Ну а Розамунда? Она легка и прозрачна, она парит над землей, как туман над Гудзоном ранним утром. Она сильна, решительна, тверда, остра, как ледоруб, — инструмент, предназначенный для того, чтобы колоть и проливать кровь.

— Я не люблю вас. Вы слишком стары. Старше моего отца. И я вам не верю. При всех ваших достоинствах.

Однако заболела же она по собственной Воле, так пусть собственная Воля ее и исцелит.

И отдаст ему.

Она жалуется на меланхолию, усталость, головокружения и потерю аппетита, она порвала открытку из Флоренции от отца и мачехи, порвала все квартальные чеки, присланные для оплаты ее пребывания в клинике «Паррис» (на которых стояла печать: ОПЛАЧЕНО ПОЛНОСТЬЮ, ибо, естественно, за все платит отец), ее озадачивает предписание доктора Либкнехта, ничего подобного ей прежде не рекомендовали: физические нагрузки и упражнения.

— Розамунда. Вставайте. Марш на улицу и шагайте на самую вершину холма. Принесите мне оттуда охапку диких цветов. Живо, пока еще не так жарко. — Он хлопает в ладоши прямо над ухом, так отдают команды собаке.

Розамунда смеется, она шокирована. Розамунда отказывается повиноваться.

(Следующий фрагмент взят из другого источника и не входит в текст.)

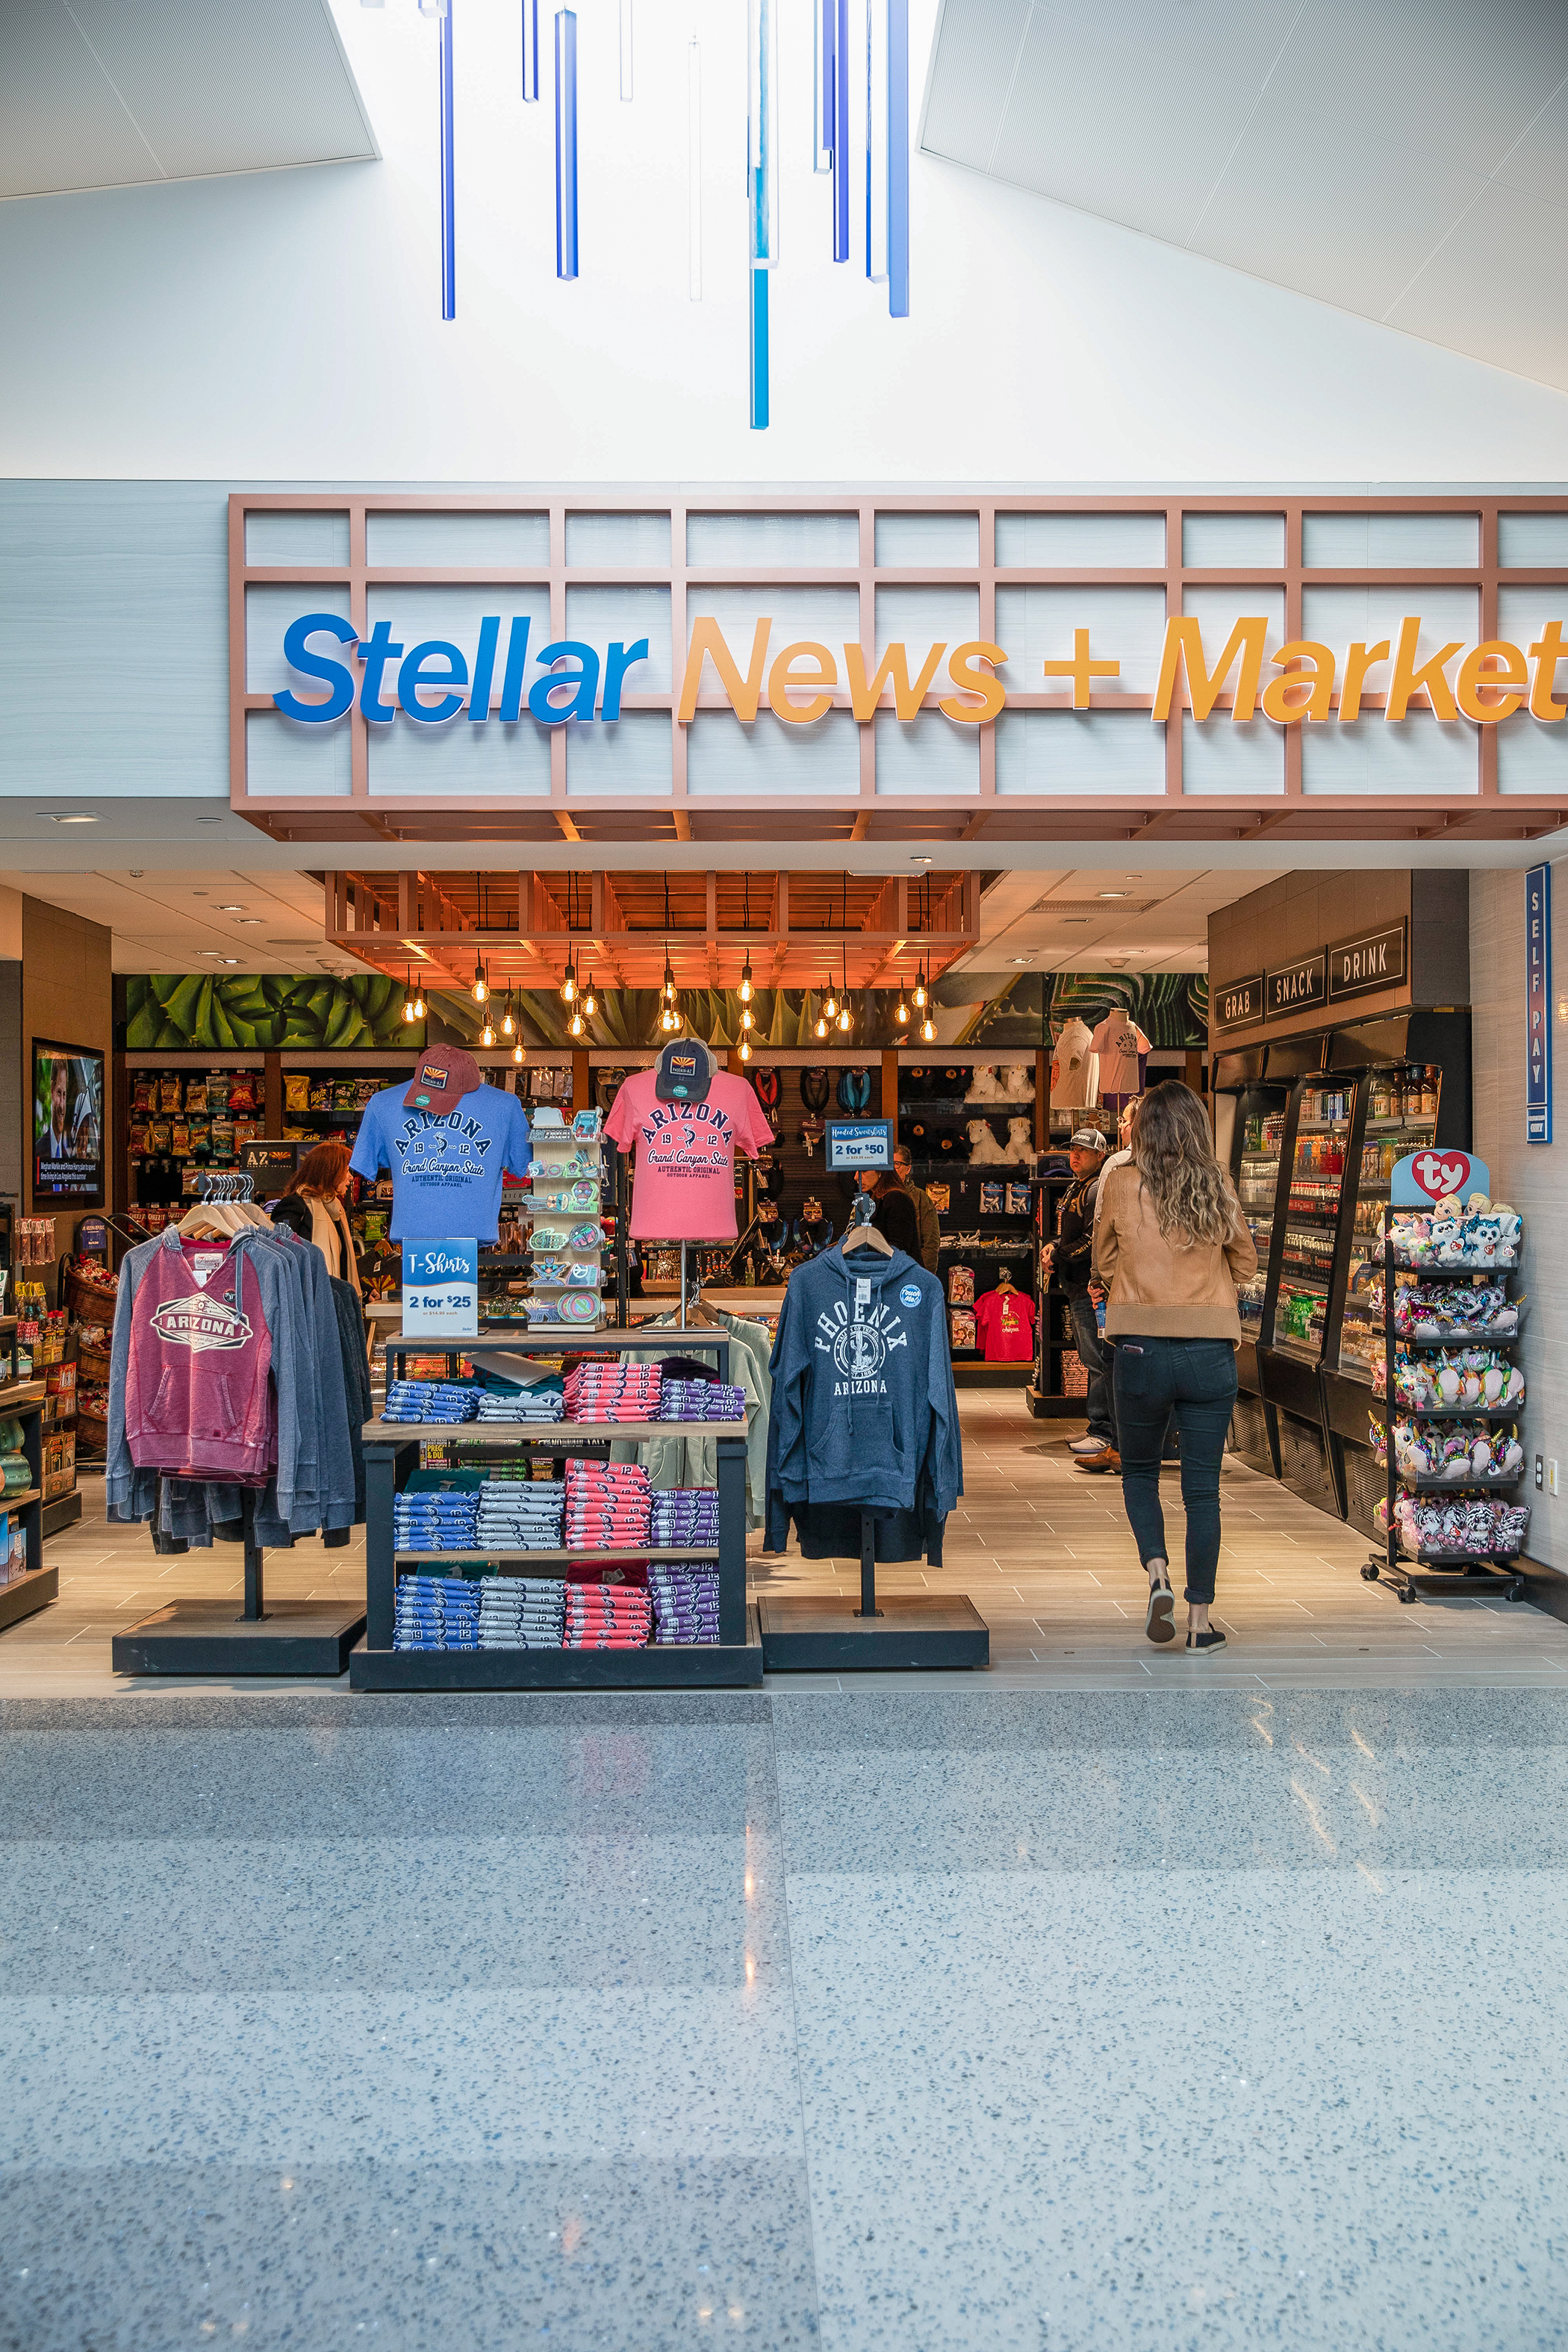 Stellar News + Market
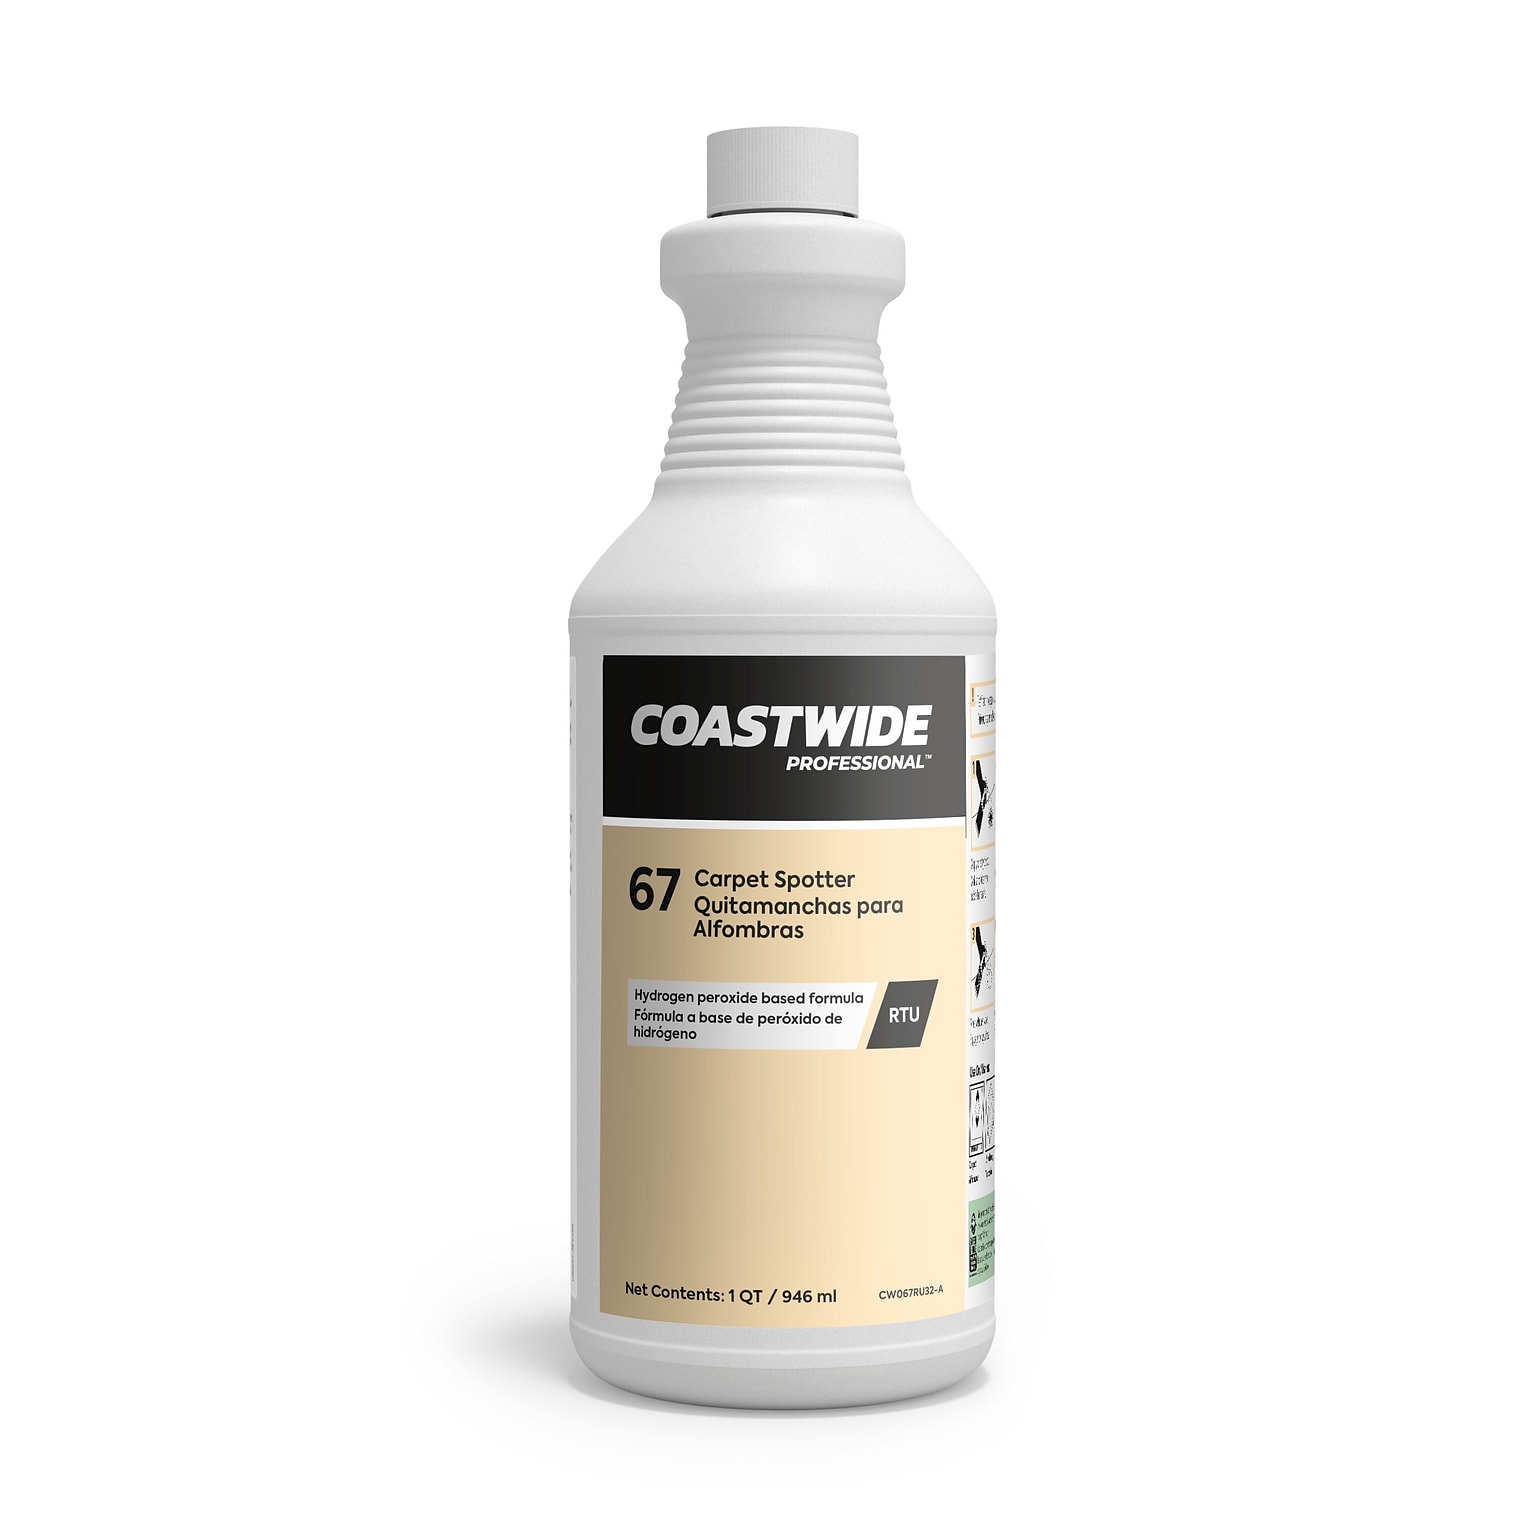 Coastwide Professional™ Carpet Spotter 67, 0.95L, 6/Carton (CW670032-A)

Тем не менее не проходит и часа, как она на ногах, вся дрожит от нетерпения, в спортивных туфлях на толстой подошве, блузе с длинными рукавами, чтобы руки не обгорели, в тренировочных брюках мужского покроя, панаме доктора Либкнехта, сдвинутой на затылок, гладкие черные волосы небрежно собраны в пучок. Она выходит из клиники стремительно, опасаясь, как бы кто из пациентов не увязался за ней. Почти бежит. Быстрее, еще быстрее. Начинает задыхаться. Подмышки потеют. В голове шумит, сердце колотится, глаза ничего не видят. Она проходит милю, две мили, почти три, по холмистой местности, дорожка большей частью круто поднимается вверх. Никогда еще Розамунда так далеко не уходила. Она счастлива. Невыразимо счастлива. Если сердце выскочит из груди, то по вине доктора. Если она рухнет и ее придется везти в клинику на каталке, то и это будет его вина. Она глубоко вдыхает незнакомый запах сосновой хвои. Нагревшейся под солнцем травы. Слышит шепот и стрекот насекомых. Звонкий щебет птиц. На вершине собирает златоглазки и дикие астры на жестких стеблях — все это она принесет доктору Либкнехту как дар любви, ибо, конечно, она его любит.